DATASET EXTRACT:
● ● ● ●
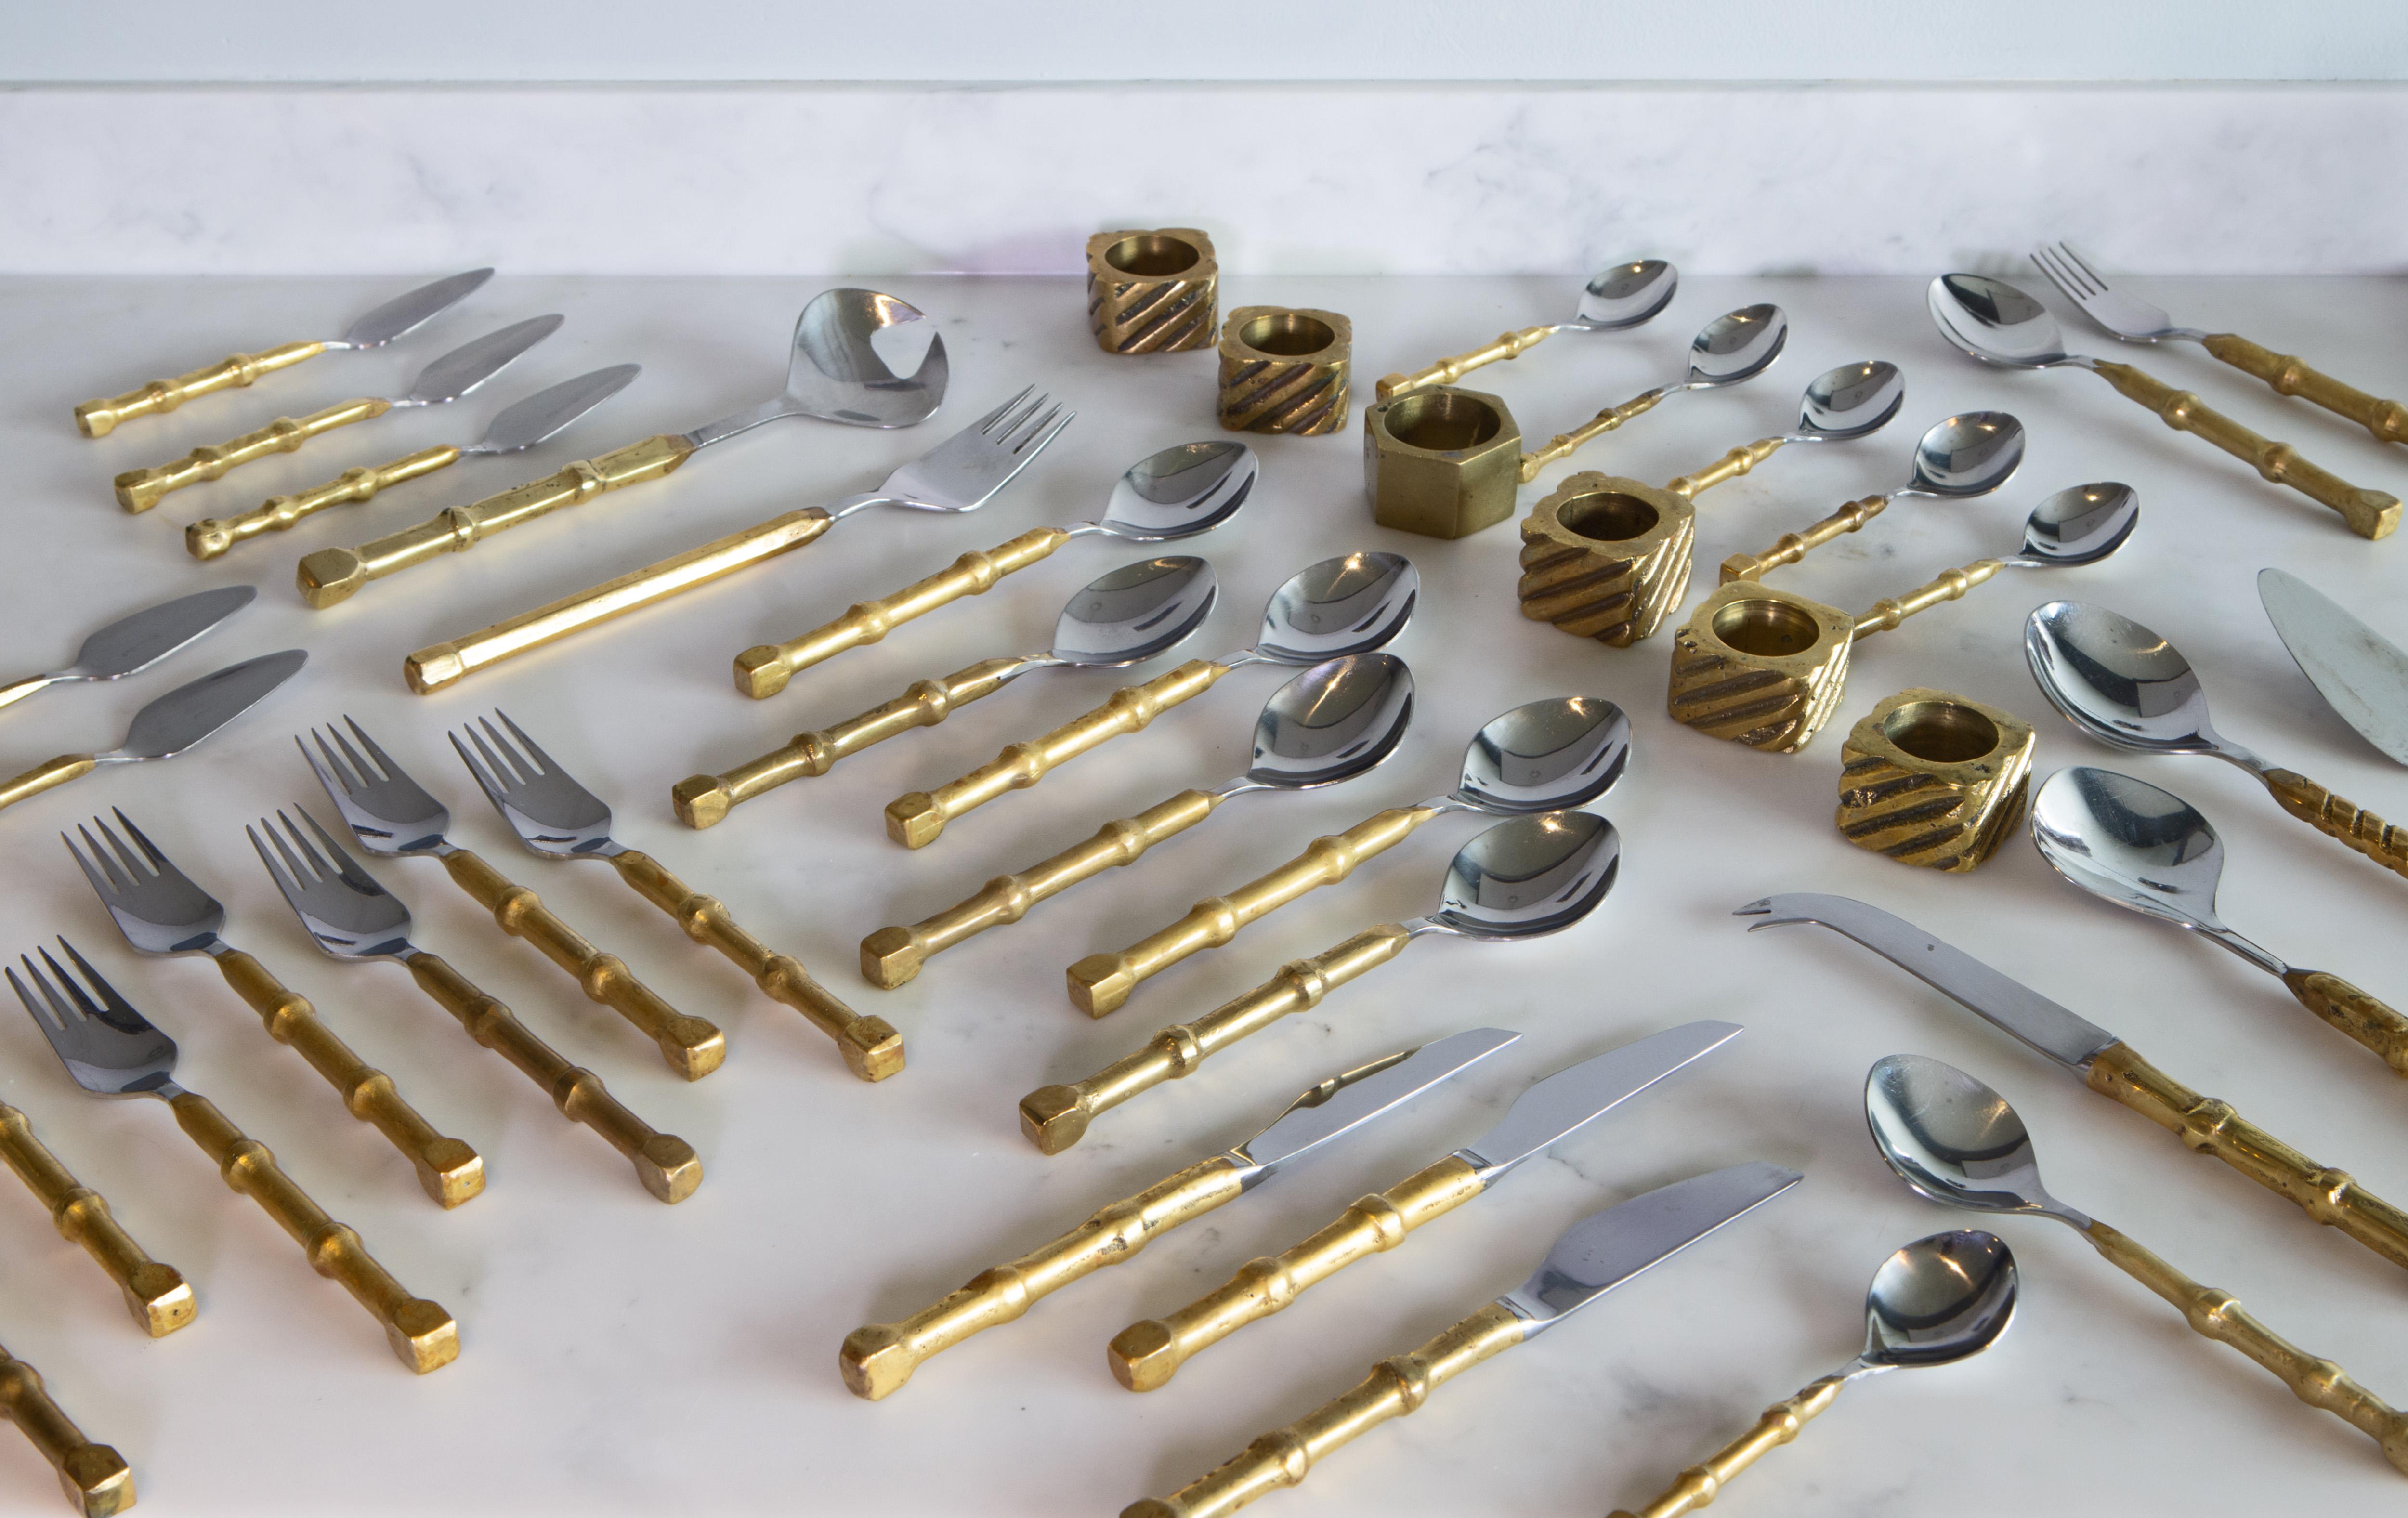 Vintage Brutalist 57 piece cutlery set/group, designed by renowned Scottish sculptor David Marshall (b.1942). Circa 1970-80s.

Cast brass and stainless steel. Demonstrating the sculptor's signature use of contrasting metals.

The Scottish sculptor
● ● ● ●
WORK ITEM: Take the lines above from the one holding "Cast brass and" to the last and output them exactly.

YOUR SOLUTION:
Cast brass and stainless steel. Demonstrating the sculptor's signature use of contrasting metals.

The Scottish sculptor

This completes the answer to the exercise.